[Stored records]
************

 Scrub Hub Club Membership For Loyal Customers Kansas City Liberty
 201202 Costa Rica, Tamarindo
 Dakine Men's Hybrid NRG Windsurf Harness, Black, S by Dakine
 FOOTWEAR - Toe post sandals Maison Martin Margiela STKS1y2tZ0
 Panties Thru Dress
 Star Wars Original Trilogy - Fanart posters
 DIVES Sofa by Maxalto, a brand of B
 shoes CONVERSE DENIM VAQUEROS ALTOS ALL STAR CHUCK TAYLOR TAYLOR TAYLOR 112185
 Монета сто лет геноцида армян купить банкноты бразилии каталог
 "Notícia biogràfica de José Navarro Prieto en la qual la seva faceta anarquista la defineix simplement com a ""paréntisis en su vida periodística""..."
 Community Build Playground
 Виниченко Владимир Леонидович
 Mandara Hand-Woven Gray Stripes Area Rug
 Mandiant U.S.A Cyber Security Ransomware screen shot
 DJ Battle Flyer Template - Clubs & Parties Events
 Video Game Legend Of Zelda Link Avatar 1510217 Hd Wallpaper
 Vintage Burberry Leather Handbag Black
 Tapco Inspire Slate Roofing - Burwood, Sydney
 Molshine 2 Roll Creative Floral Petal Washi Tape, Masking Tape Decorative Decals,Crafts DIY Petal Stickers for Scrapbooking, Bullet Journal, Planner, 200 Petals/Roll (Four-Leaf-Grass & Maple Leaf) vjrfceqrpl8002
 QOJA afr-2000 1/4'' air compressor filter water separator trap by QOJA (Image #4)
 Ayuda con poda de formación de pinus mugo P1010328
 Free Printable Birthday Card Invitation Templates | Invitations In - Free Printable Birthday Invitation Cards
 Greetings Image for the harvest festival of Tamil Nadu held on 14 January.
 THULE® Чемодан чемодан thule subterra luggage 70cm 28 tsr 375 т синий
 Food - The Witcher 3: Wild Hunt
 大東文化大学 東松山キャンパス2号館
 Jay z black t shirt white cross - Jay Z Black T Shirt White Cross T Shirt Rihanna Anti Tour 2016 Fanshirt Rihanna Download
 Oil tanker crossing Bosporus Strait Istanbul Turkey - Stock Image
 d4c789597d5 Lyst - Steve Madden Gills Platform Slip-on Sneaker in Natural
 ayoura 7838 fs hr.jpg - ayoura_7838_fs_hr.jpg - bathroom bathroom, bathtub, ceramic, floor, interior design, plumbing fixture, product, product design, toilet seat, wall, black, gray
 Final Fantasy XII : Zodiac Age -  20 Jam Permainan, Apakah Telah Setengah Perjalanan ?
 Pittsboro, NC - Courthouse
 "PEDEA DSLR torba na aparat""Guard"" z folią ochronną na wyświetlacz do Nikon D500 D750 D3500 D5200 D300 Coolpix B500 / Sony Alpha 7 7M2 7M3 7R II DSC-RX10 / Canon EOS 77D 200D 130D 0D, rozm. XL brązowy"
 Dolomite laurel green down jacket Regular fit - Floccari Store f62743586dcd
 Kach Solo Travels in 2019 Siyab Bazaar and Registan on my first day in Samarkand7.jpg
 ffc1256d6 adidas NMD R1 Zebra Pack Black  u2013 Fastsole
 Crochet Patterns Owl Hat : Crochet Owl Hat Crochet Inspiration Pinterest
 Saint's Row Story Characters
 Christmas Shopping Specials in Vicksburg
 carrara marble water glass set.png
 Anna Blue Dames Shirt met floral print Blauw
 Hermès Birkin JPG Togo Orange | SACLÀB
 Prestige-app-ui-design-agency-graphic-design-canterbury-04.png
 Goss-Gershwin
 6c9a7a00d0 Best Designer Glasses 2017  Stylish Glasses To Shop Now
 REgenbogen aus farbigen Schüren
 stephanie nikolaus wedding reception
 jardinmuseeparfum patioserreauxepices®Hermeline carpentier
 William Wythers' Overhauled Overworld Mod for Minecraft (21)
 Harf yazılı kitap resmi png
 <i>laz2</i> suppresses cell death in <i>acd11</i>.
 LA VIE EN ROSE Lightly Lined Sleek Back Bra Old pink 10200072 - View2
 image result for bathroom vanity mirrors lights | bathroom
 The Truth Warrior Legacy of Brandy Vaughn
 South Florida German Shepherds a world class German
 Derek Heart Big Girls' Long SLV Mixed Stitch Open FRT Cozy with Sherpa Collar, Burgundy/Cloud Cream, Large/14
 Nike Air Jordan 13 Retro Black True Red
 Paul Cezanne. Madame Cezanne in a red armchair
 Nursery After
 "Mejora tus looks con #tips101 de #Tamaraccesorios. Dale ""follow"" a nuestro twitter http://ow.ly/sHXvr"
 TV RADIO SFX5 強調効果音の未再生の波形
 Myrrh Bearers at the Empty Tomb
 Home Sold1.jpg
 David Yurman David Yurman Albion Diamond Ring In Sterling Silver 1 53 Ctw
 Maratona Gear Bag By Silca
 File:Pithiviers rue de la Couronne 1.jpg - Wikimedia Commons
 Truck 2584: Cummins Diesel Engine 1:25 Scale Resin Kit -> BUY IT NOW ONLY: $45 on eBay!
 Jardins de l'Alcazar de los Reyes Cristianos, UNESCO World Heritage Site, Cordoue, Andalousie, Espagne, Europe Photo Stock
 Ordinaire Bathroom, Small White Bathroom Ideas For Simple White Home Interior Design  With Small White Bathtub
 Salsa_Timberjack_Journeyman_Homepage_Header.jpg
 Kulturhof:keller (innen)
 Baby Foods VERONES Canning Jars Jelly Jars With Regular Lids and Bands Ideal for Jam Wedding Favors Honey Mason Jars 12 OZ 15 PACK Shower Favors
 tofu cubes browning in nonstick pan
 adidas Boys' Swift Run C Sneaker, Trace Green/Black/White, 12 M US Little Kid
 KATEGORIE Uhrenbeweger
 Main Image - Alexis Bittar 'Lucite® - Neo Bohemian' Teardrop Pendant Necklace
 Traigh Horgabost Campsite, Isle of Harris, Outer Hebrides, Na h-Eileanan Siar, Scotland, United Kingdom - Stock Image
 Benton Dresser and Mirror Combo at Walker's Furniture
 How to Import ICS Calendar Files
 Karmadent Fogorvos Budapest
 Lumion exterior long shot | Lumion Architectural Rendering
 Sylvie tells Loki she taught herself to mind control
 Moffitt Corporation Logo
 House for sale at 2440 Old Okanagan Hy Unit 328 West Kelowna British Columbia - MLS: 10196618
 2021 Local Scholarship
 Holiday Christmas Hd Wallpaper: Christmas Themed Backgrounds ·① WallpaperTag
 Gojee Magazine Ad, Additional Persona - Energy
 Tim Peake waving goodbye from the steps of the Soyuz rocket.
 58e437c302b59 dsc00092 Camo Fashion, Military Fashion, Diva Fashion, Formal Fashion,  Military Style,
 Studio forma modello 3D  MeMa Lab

************

● **Work item**
Please determine how many lines of the records above include the word "adidas", replying with a number alone.

● **Expected answer**
2